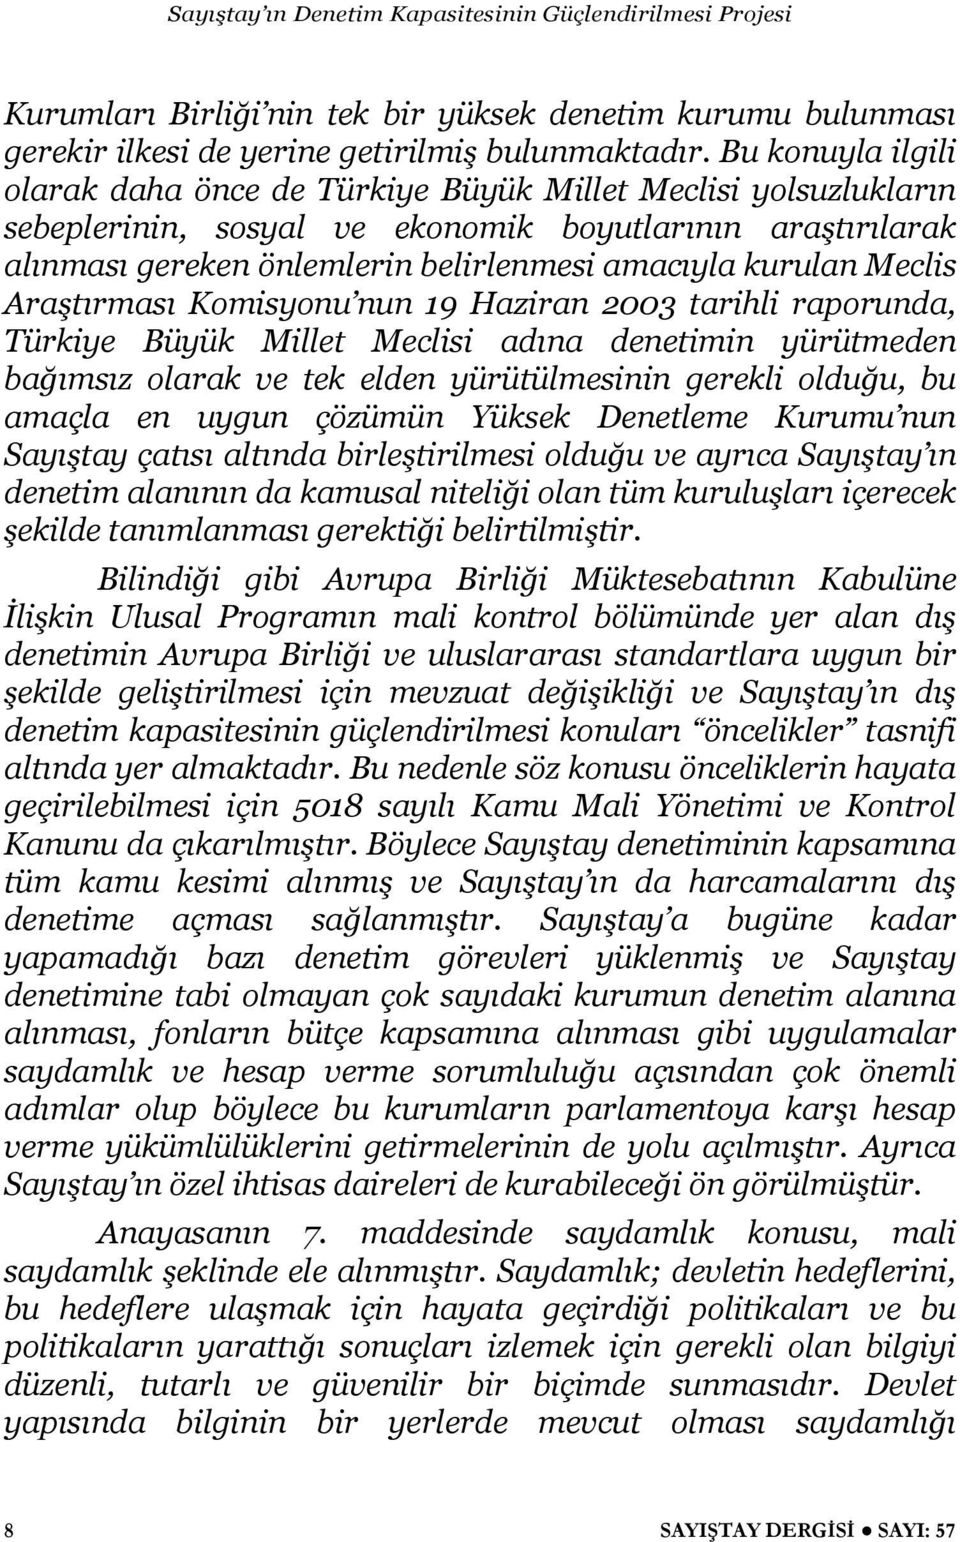 Meclis Ara tırması Komisyonu nun 19 Haziran 2003 tarihli raporunda, Türkiye Büyük Millet Meclisi adına denetimin yürütmeden ba ımsız olarak ve tek elden yürütülmesinin gerekli oldu u, bu amaçla en
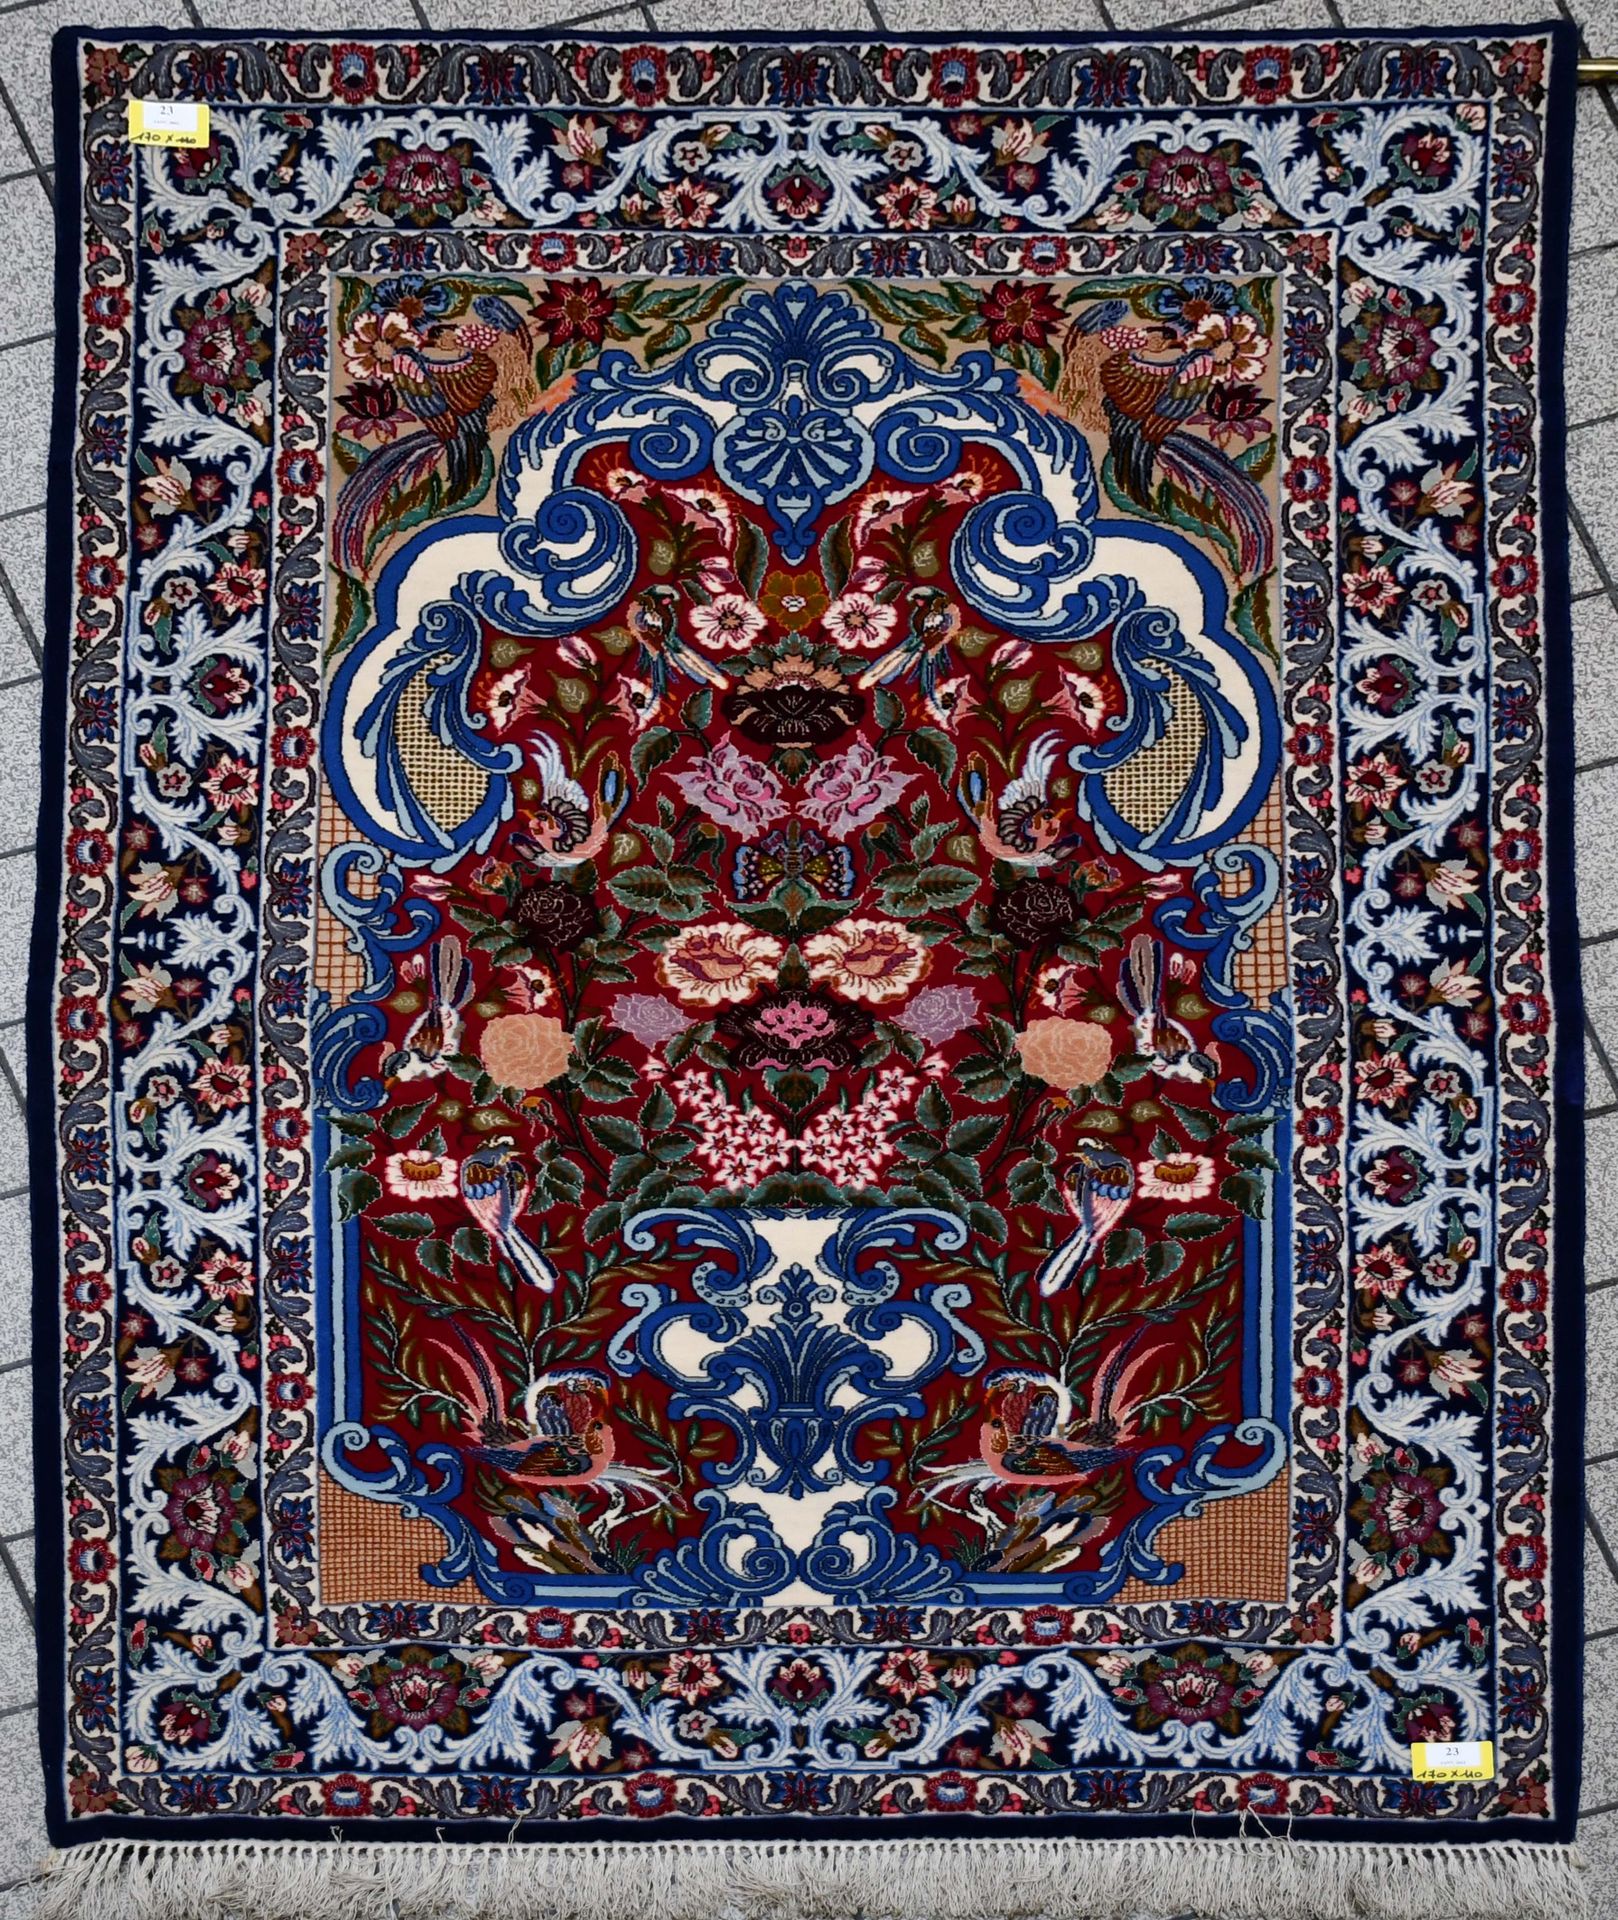 Null Tapis

Fin tapis d’Orient iranien de prière.

Dimensions : 170 cm x 110 cm.

■ **Problem requirements**: Would you transcribe all of the data exactly, apart from its pictures?

■ **Task result**:
 Meclis Ara tırması Komisyonu nun 19 Haziran 2003 tarihli raporunda, Türkiye Büyük Millet Meclisi adına denetimin yürütmeden ba ımsız olarak ve tek elden yürütülmesinin gerekli oldu u, bu amaçla en
 Null Tapis

Fin tapis d’Orient iranien de prière.

Dimensions : 170 cm x 110 cm.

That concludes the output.